Given the abundance of influential information, ideas, and media distributed for free, it can be difficult to archive and celebrate the impact of canonical pieces of internet history. However, there are several creative projects that have successfully archived works as pieces of internet history. Here are some examples:
The Quadratic Funding Collection by Gitcoin
In 2018, alongside Zoe Hitzig and Glen Weyl, Ethereum creator Vitalik Buterin published “Liberal Radicalism”, a whitepaper that proposed a radical idea and mathematical foundation for directing resources towards projects in a way that benefits the greatest number of people rather than those with the greatest influence, called quadratic funding. Gitcoin and other organizations have applied quadratic funding to direct over $70 million to public goods and open source projects to date.

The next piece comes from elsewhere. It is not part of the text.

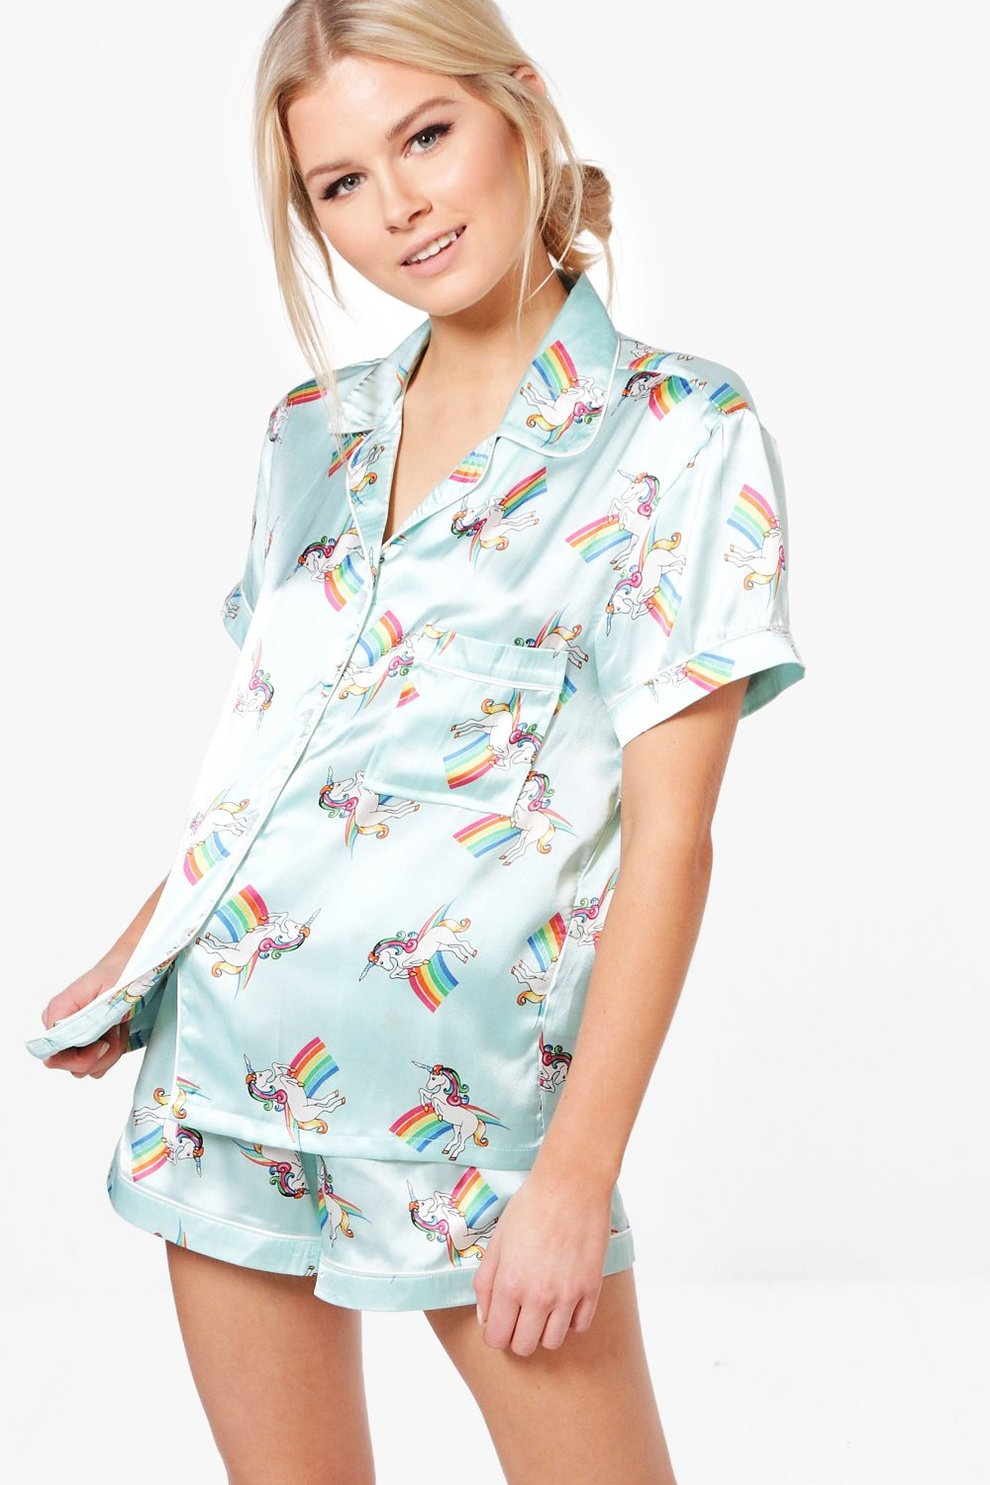 alice parure de pyjama short et chemise imprimé licorne  3dbf3aa5f71

Together with Metalabel and the original authors, Gitcoin released The Quadratic Funding Collection, which reissued the text as an onchain record permanently archiving and preserving it onchain, allowed people to collect and support the influential document, and drive funding to Gitcoin’s grant program, which implements quadratic funding.

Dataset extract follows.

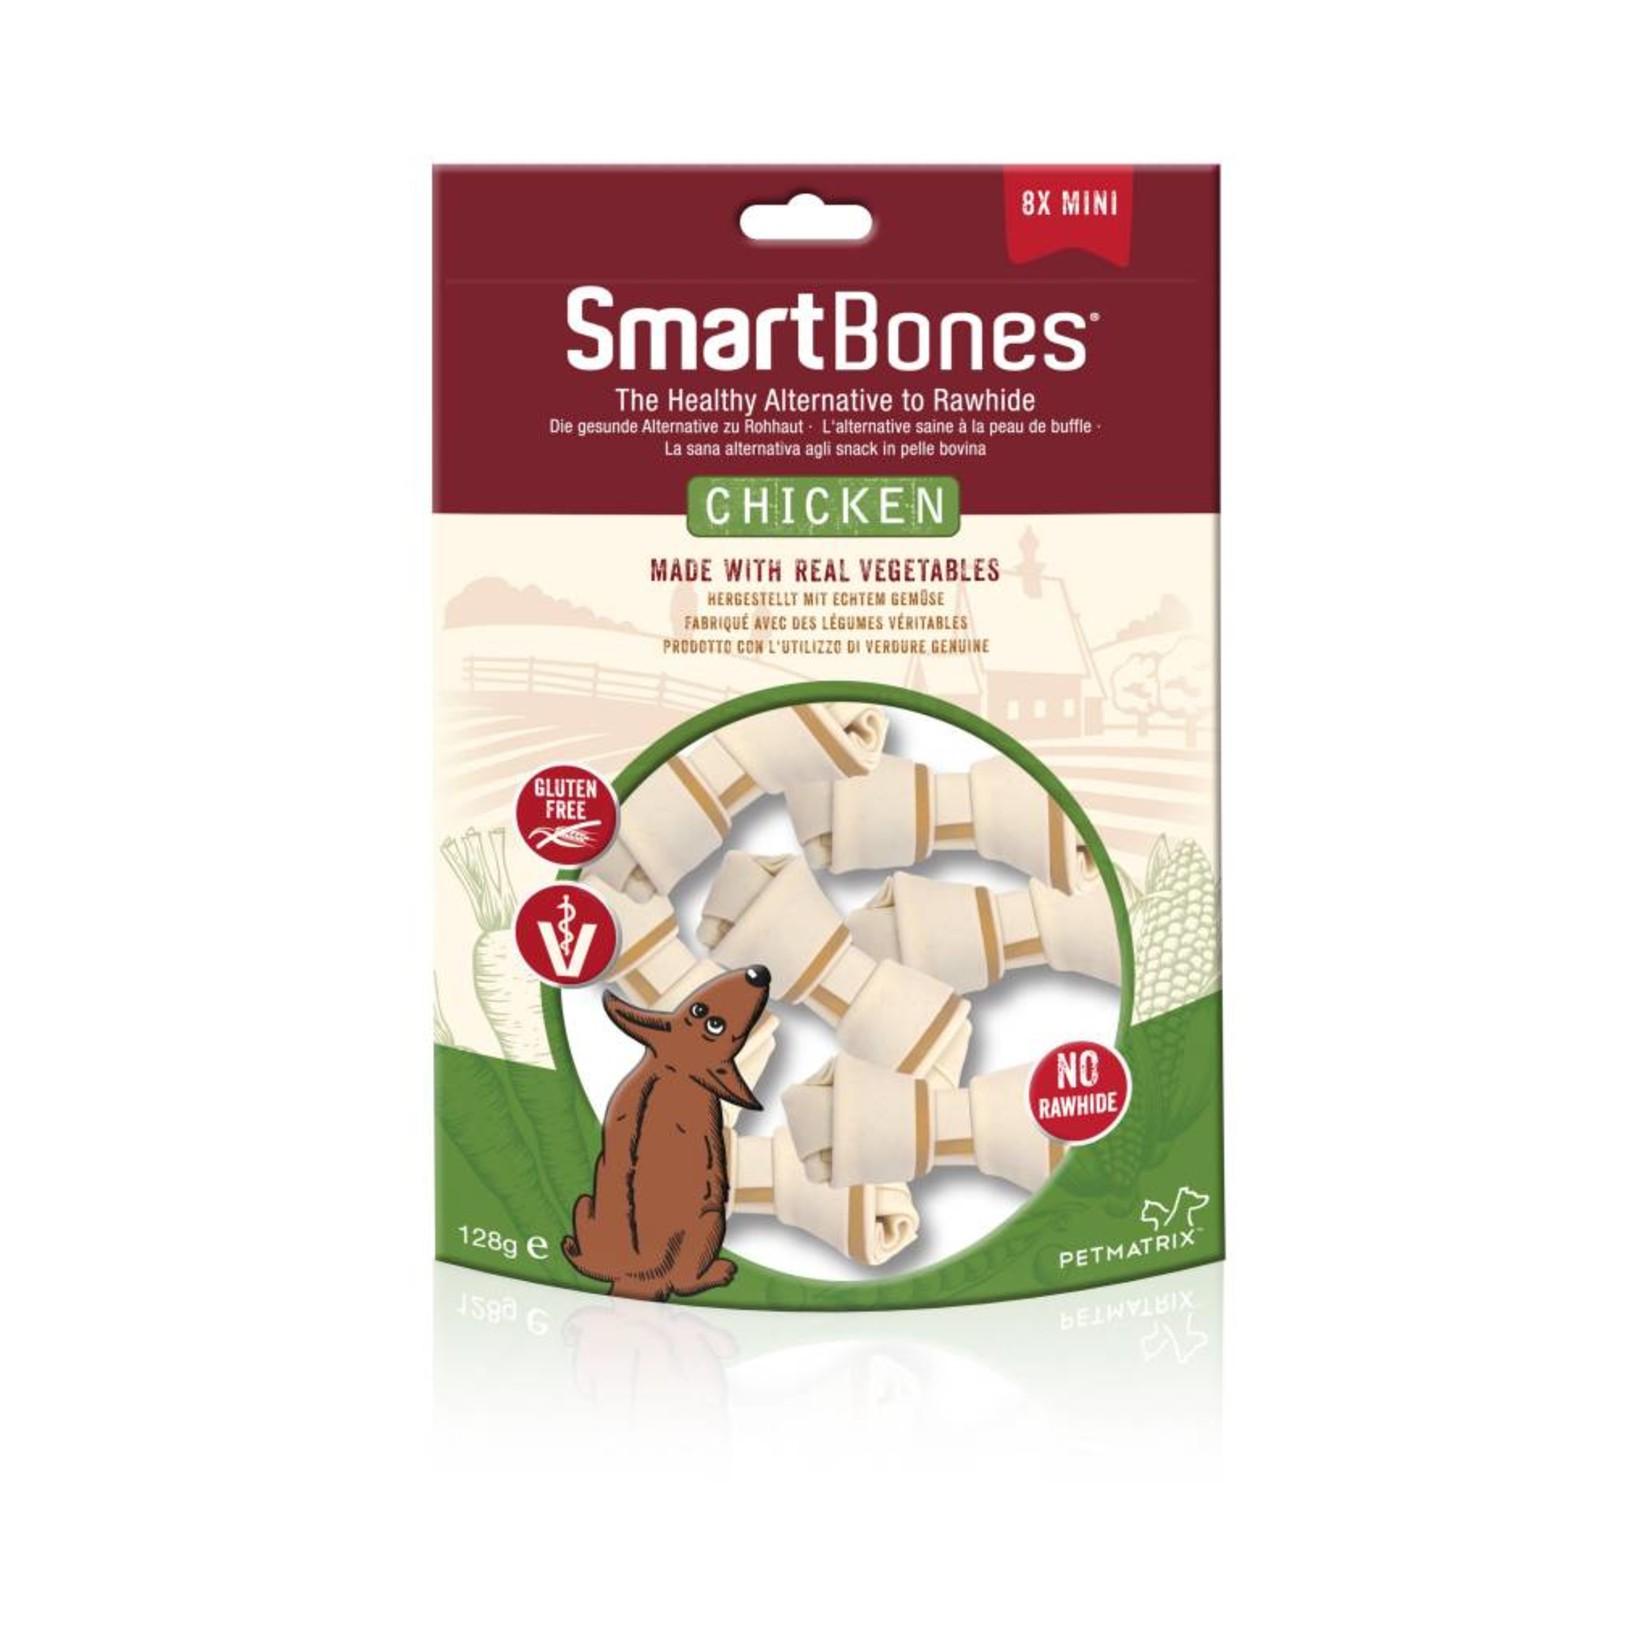 SmartBones Rawhide Alternative Chicken Bones Dog Treats, Mini, 8 pack

Biarritzzz, 314rritzzz, 2016—Present.
ArtBase is an initiative of Rhizome, an arts organization focused on digital culture, that began in 1999 as an archive of born-digital art. The archive, which has grown to include thousands of works, is “part of a larger effort to develop better tools for accessing and understanding legacy digital culture.” The archive of digital art and media is made to be free and accessible to the public.

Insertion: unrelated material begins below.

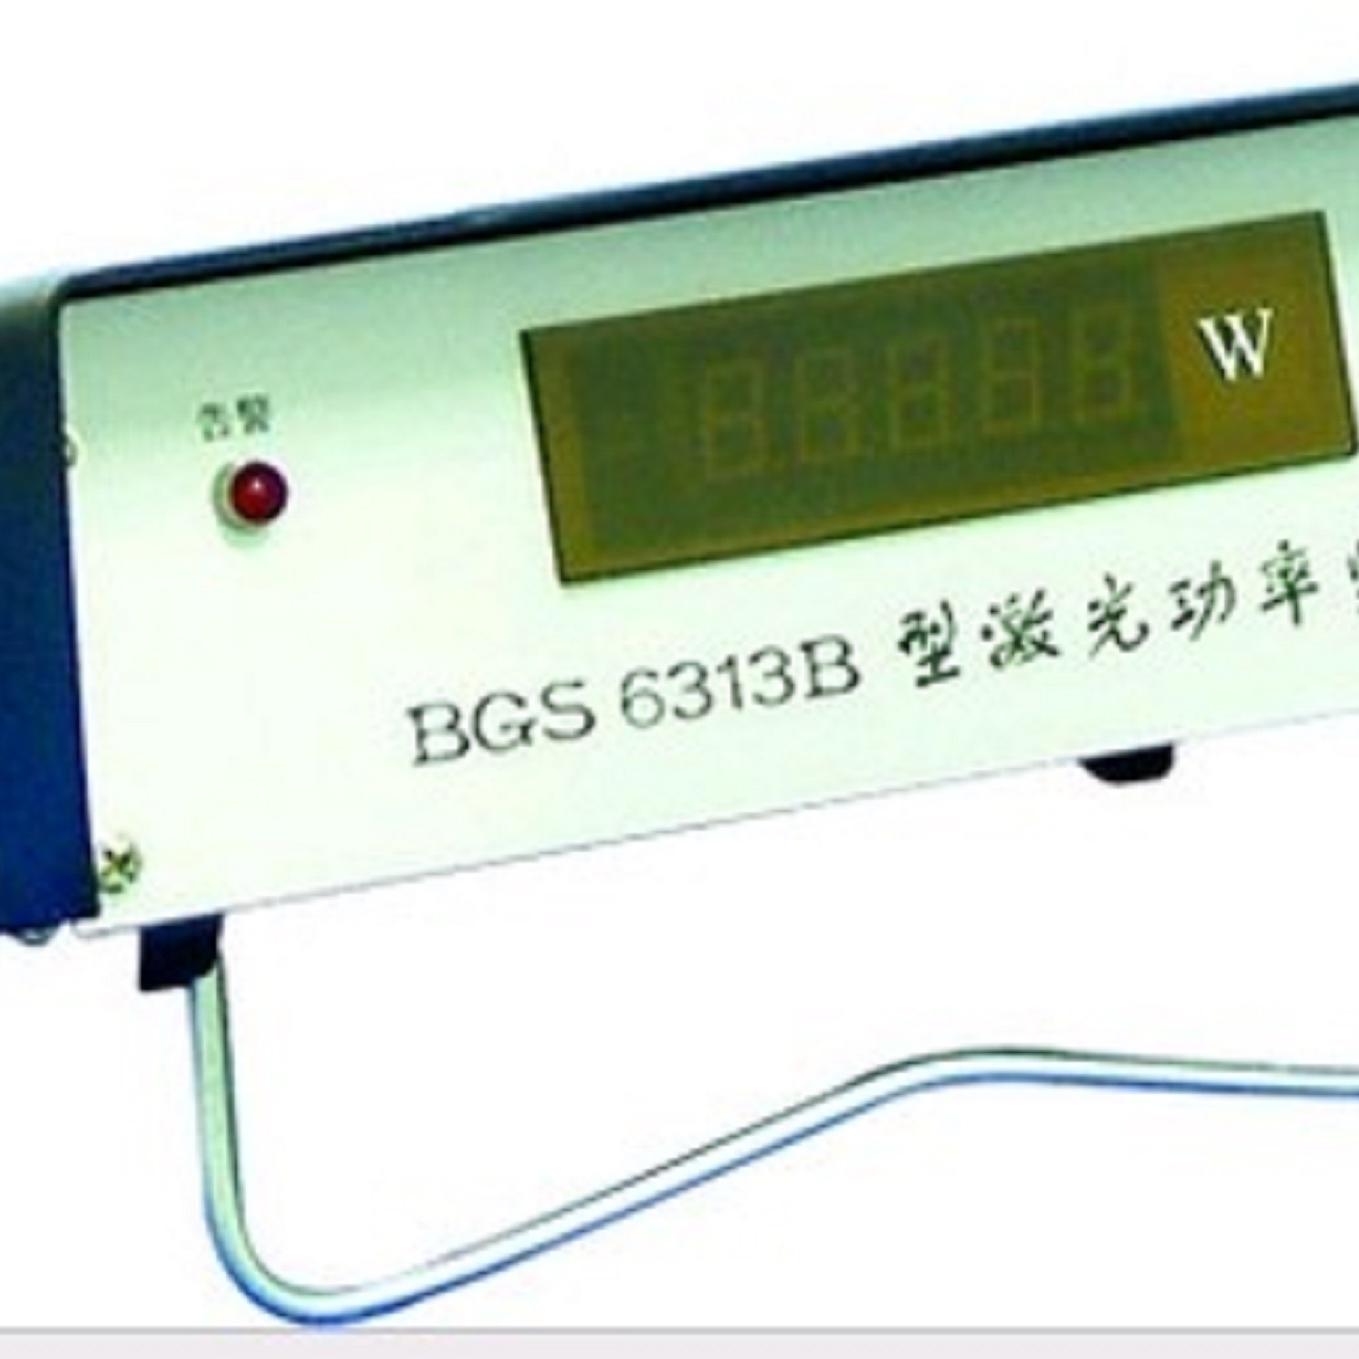 新型激光功率监测仪

In 2021, the archive relaunched with a new infrastructure and metadata for digital preservation. The new system is built on Wikibase, an open-source platform which is part of the Wikimedia ecosystem.
Earlier this year, Rhizome added 22 artist-made Tumblrs to its ArtBase, with the goal of making seminal digital works to be permanent and resilient against platform risk.
“Our hope is that these archived works will be complemented by additional writing, interviews, and other kinds of contextualization in the future,” Rhizome said.
Cyberfeminism Index by Mindy Seu
Commissioned by Rhizome, artist Mindy Seu’s Cyberfeminism Index is a catalogued collection of projects that are techno-critical from a feminist lens. Spanning three decades from the 1990s to today, the project indexes everything from texts, art, and organizations, to people that are related to cyberfeminist practice.
“Cyberfeminism cannot be reduced to women and technology,” says Mindy Seu. “Nor is it about the diffusion of feminism through technology. Combining cyber and feminism was meant as an oxymoron or provocation, a critique of the cyberbabes and fembots that stocked the sci-fi landscapes of the 1980s. The term is self-reflexive: technology is not only the subject of cyberfeminism, but its means of transmission. It’s all about feedback.”
The collection of material, compiled into a 600-page book and archived online, is described as “incomplete” and “always in progress,” with an open invitation to submit additional entries on its website.
There are other active practices to preserve seminal online works. Most notable is the amazing nonprofit initiative of the Internet Archive.
Other efforts are centered around an onchain permaweb. This includes projects like Arweave and IPFS (Interplanetary File System), two blockchain-enabled decentralized storage systems that aim to be permanent and resilient.
There are other examples such as Jack Dorsey minting the first Tweet as an NFT. Computer scientist Tim Berners Lee, credited as the creator of the World Wide Web, also released an NFT that represented the original source code for the web.
All of these projects address the need for preserving and celebrating important digital works. How can we honor the historical value of digital art, websites, or internet-native ideas? As more information and media arrives digitally native first, without analog counterparts, this area of exploration, and questions on how to value influential digital content, should continue to grow in importance.